YOUR TASK:
The data below should be restated word for word, pictures omitted.

MATERIAL PROVIDED:

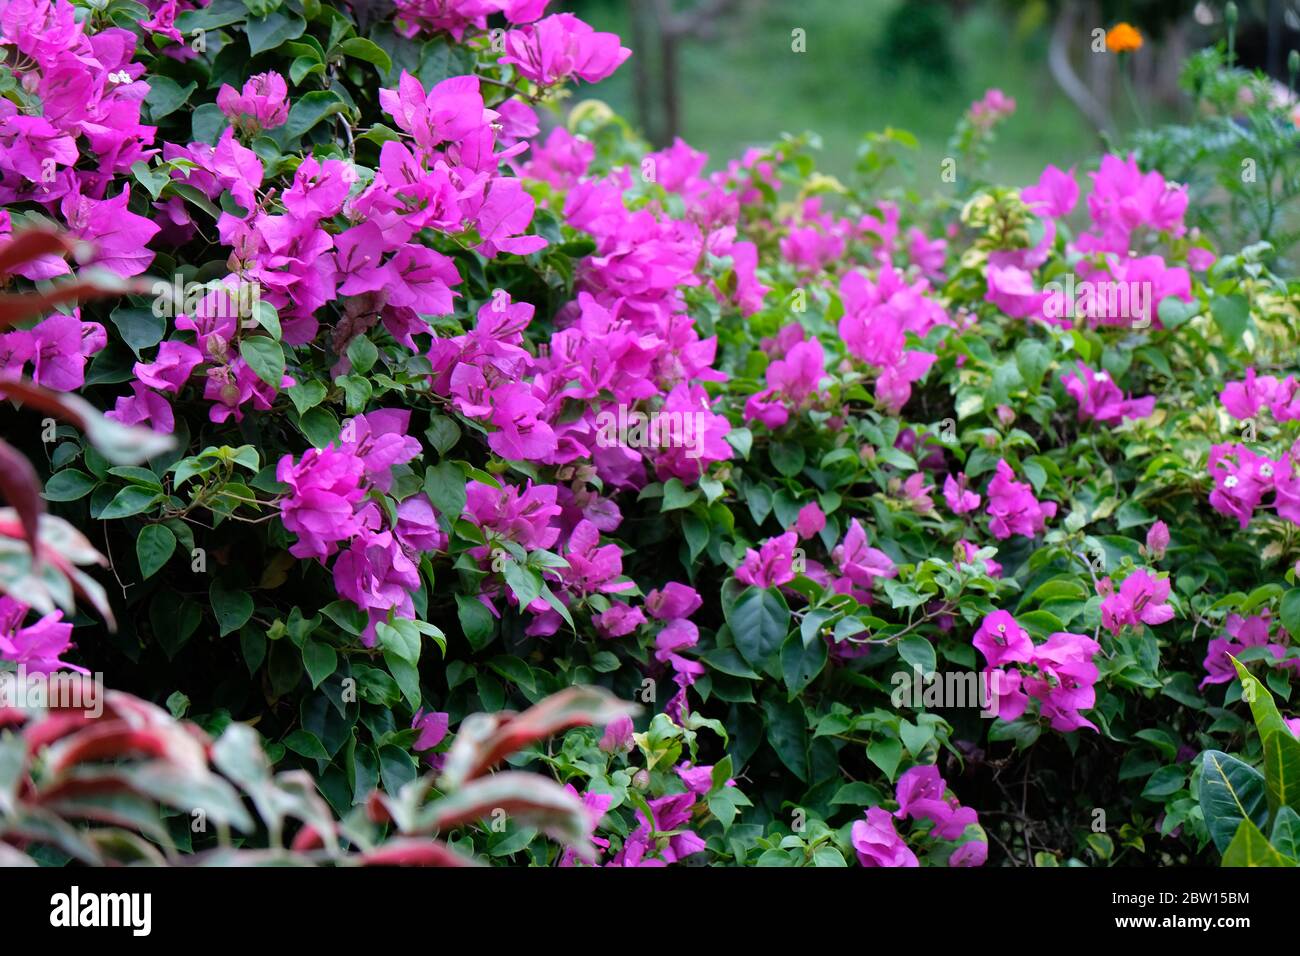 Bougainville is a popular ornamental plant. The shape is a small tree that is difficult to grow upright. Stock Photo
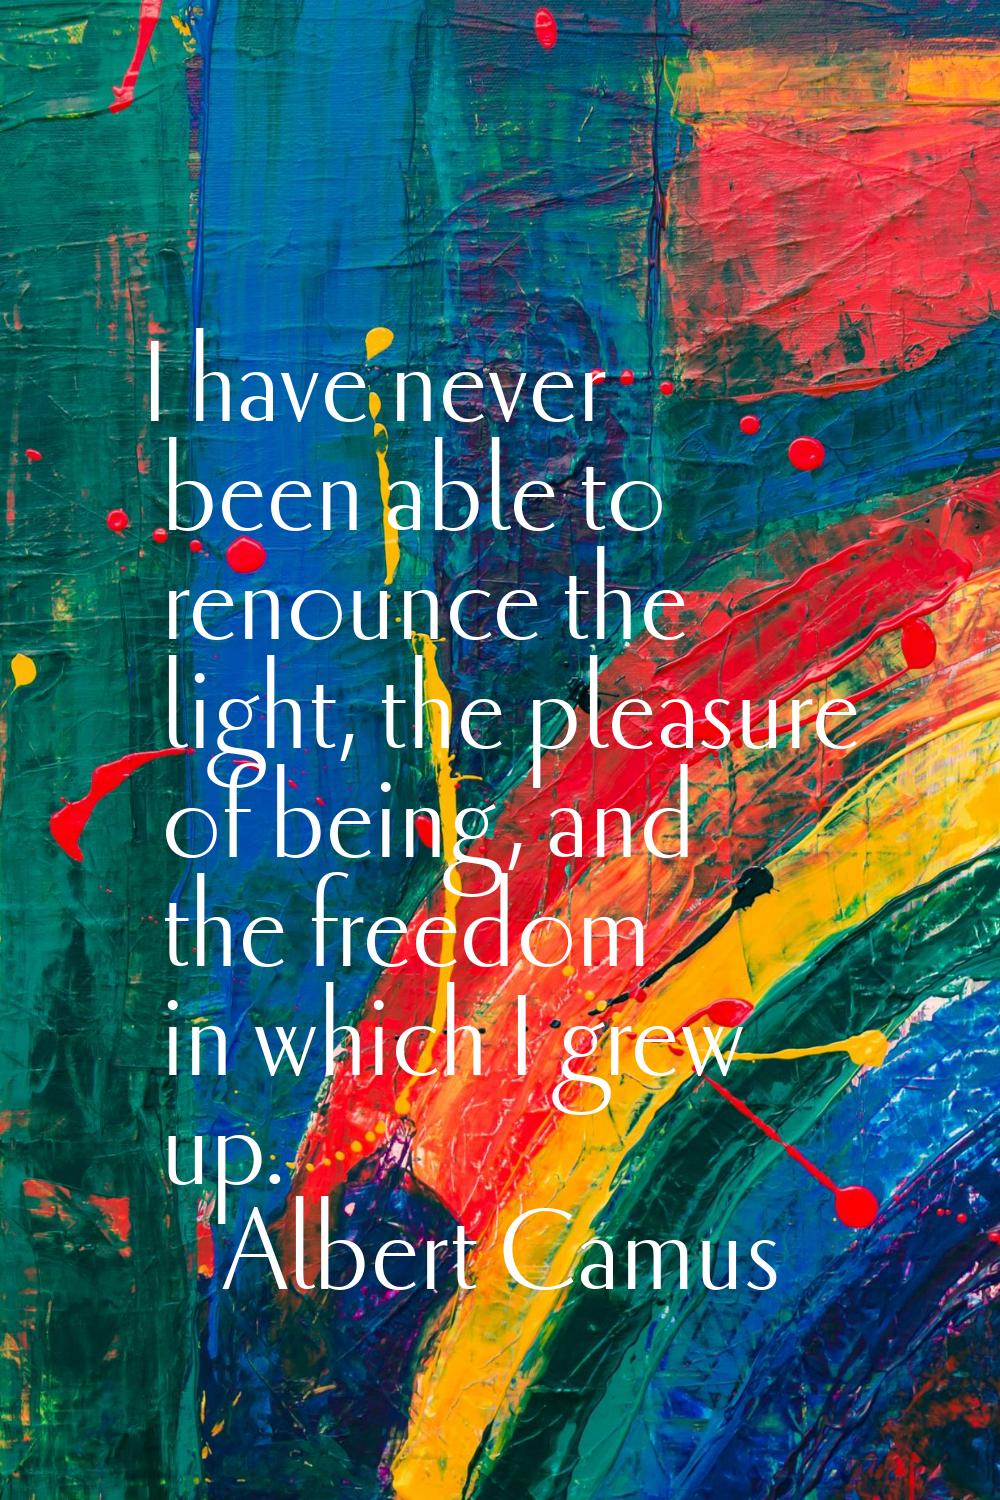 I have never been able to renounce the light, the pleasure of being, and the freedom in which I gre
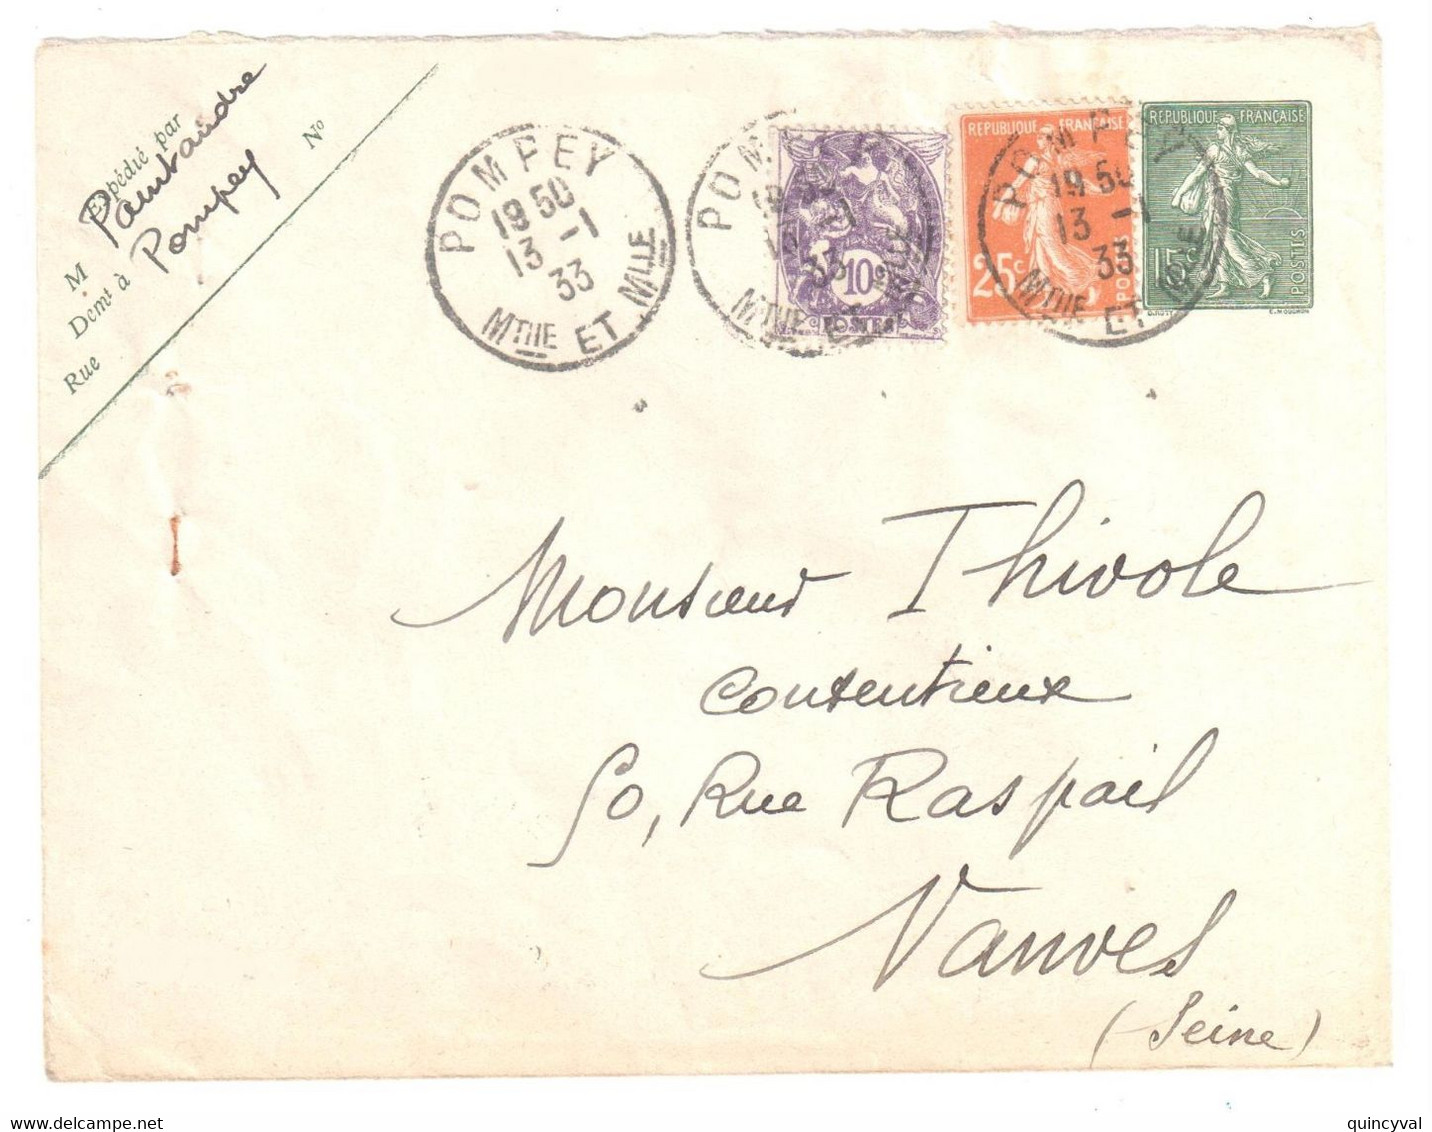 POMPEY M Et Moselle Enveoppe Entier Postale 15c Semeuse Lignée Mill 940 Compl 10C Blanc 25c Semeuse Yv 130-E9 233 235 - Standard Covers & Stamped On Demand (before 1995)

WRITTEN ANSWER:
 Bougainville is a popular ornamental plant. The shape is a small tree that is difficult to grow upright. Stock Photo
 I have never been able to renounce the light, the pleasure of being, and the freedom in which I gre
 POMPEY M Et Moselle Enveoppe Entier Postale 15c Semeuse Lignée Mill 940 Compl 10C Blanc 25c Semeuse Yv 130-E9 233 235 - Standard Covers & Stamped On Demand (before 1995)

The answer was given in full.